Intanto aspetta la visita del dottor Aubonne. Siamo a pagina 12. Nella seguente Simenon descrive in una manciata di righe il microcosmo del condominio in cui vive Foy. Se accettassimo l’implicita sfida dell’autore e ci mettessimo a ritrarre i personaggi che popolano i nostri caseggiati, che ne verrebbe fuori, oltre alla vergogna per il riconoscimento della misera prova?
Di pagina in pagina lo stato di Foy si fa via via più tormentato e angosciato. Ma siamo appena alla numero 16 (quindi non temo di spoilerare troppo) quando Simenon, con un colpo di teatro dei suoi, ci informa che l’uomo ha perso entrambe le mani all’inizio della guerra. Piano piano si è rimesso e ha trovato un nuovo equilibrio, ma gli risulta faticoso uscire dal guscio del suo appartamento. E poi c’è la gelosia. Ecco il tema centrale de La porta.
Foy ne soffre da sempre, ancora da prima di incontrare Nelly che poi sarebbe diventata sua moglie. La coppia vive una quotidianità che è l’opposto di quella della maggior parte degli altri: lui rimane in casa, dove dipinge abat-jour servendosi delle protesi che deve periodicamente sottoporre a revisione; lei invece passa quasi tutto il giorno fuori, perché lavora in una ditta in place des Victoires, ed è come se vivesse un tempo diverso da quello di Bernard.
Nelly non l’ha abbandonato dopo l’incidente, gli è rimasta accanto e l’ha aiutato a riprendersi. Ma un tarlo scava nella mente del marito: «era possibile che per tutti quegli anni lei fosse stata felice con lui e che lo fosse ancora? Stentava a crederlo e se ne tormentava. Negli ultimi mesi, soprattutto nelle ultime settimane, quel dubbio lo tormentava».

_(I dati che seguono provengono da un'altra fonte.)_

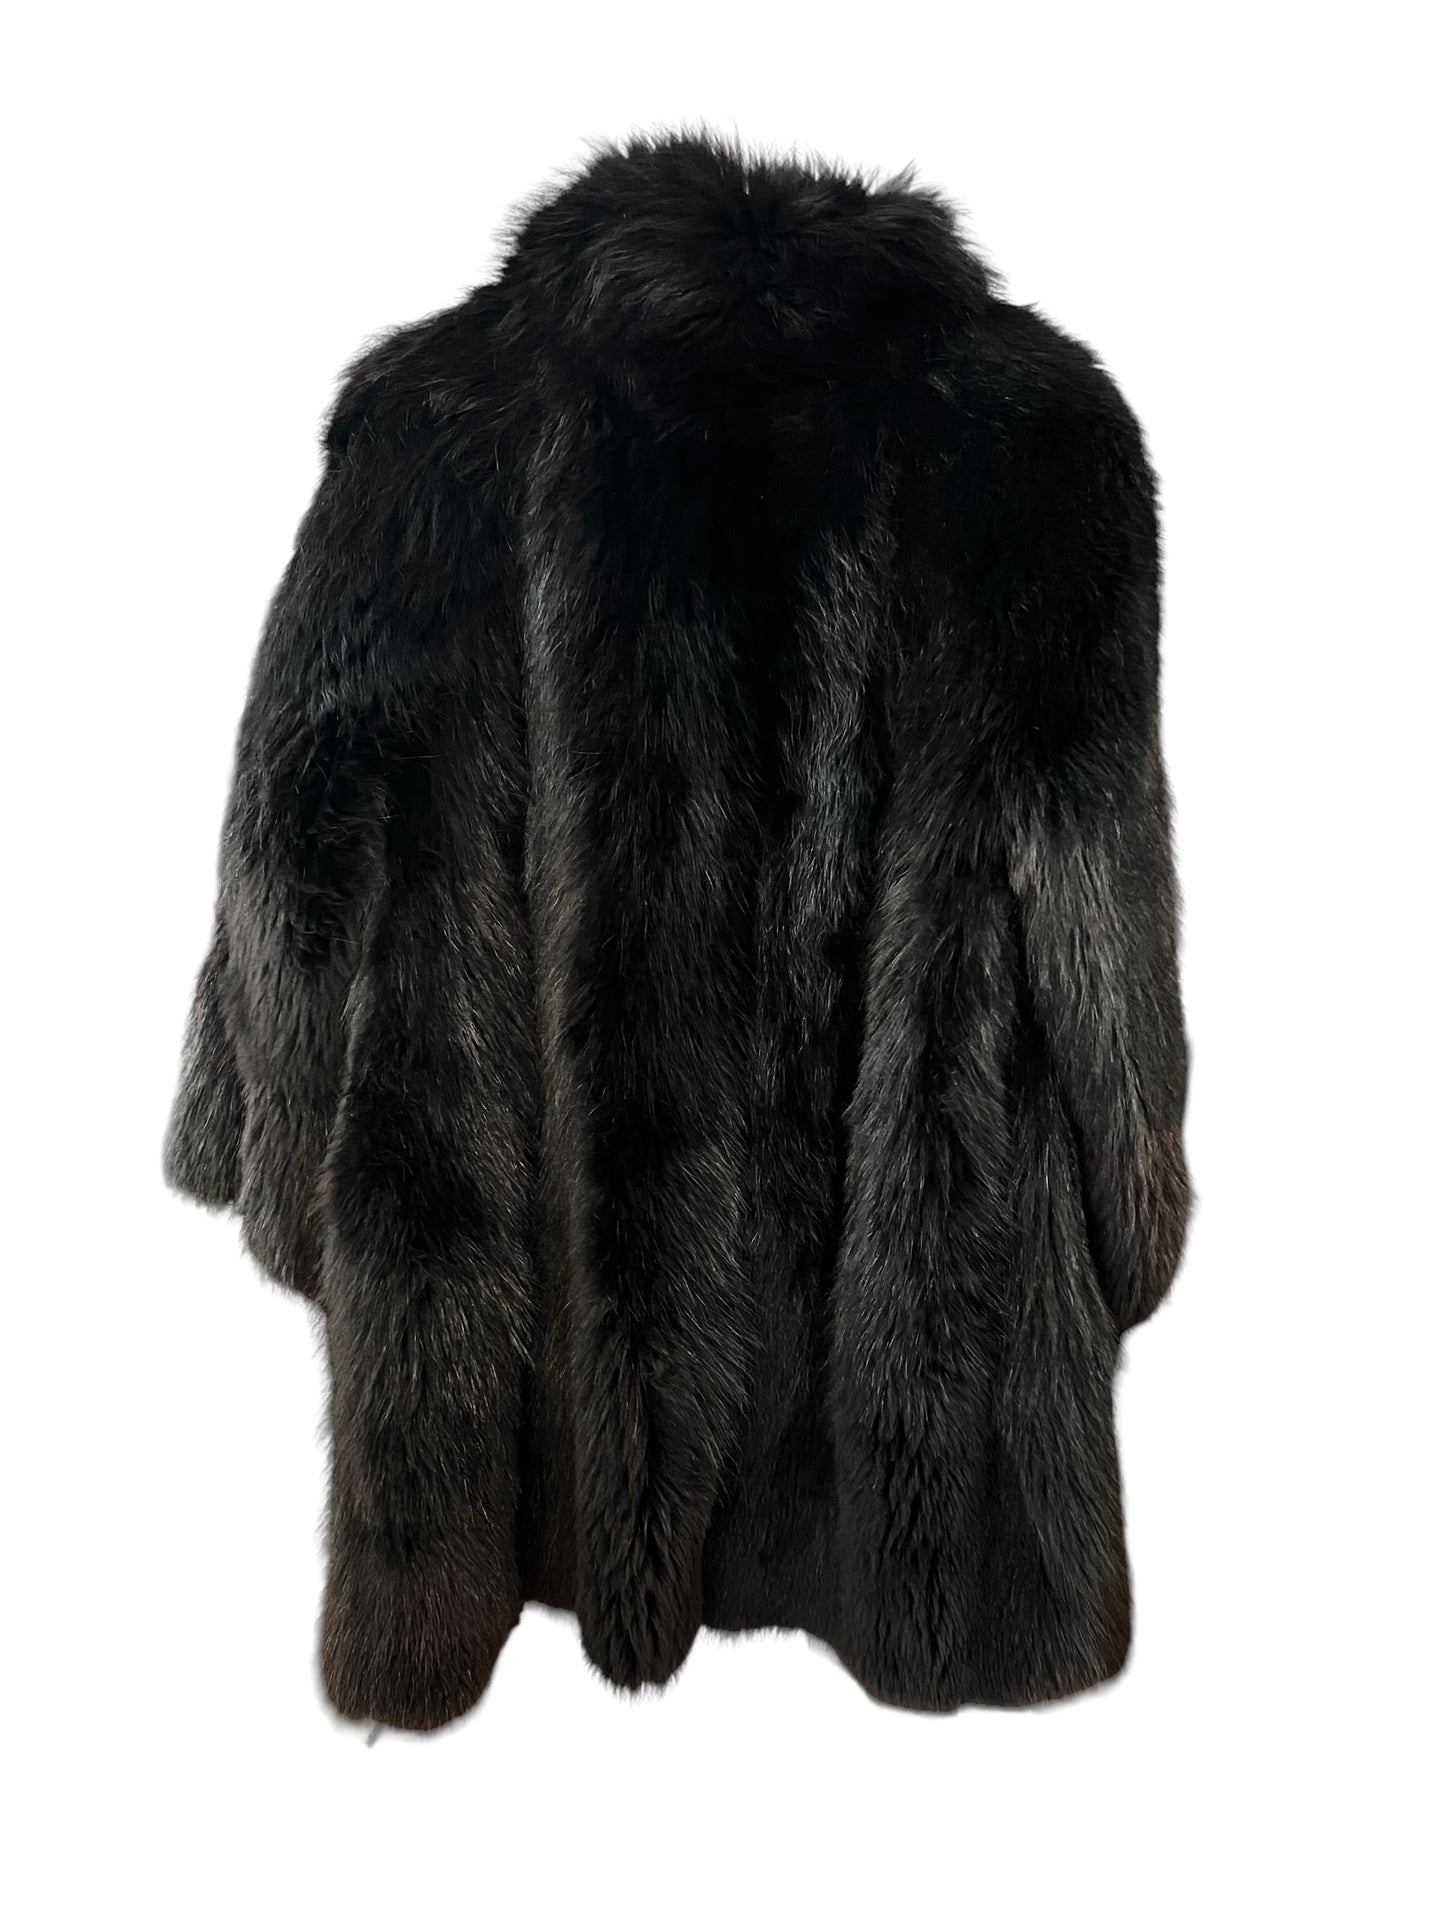 Black Fox Coat

Quando è fuori casa, lei gli manca. La lunga giornata di attesa del suo ritorno si srotola in un rituale che si è costruito per evitare di impazzire, lui che è ossessionato dagli orologi e dal tempo. Bernard conosce il rumore di ogni porta del palazzo. Ed è proprio una di queste a celare il mistero che il protagonista non riesce a decifrare.
Chi ama i romanzi di Simenon (l’altra metà del cielo rispetto ai casi del commissario Maigret) sa già all’inizio che sono storie che, come biglie, rotolano verso la buca della tragedia. La formula collaudata non toglie nulla al piacere della lettura. Ma anche in questo caso l’autore riesce a sorprendere e di certo non sarò io a svelarvi come.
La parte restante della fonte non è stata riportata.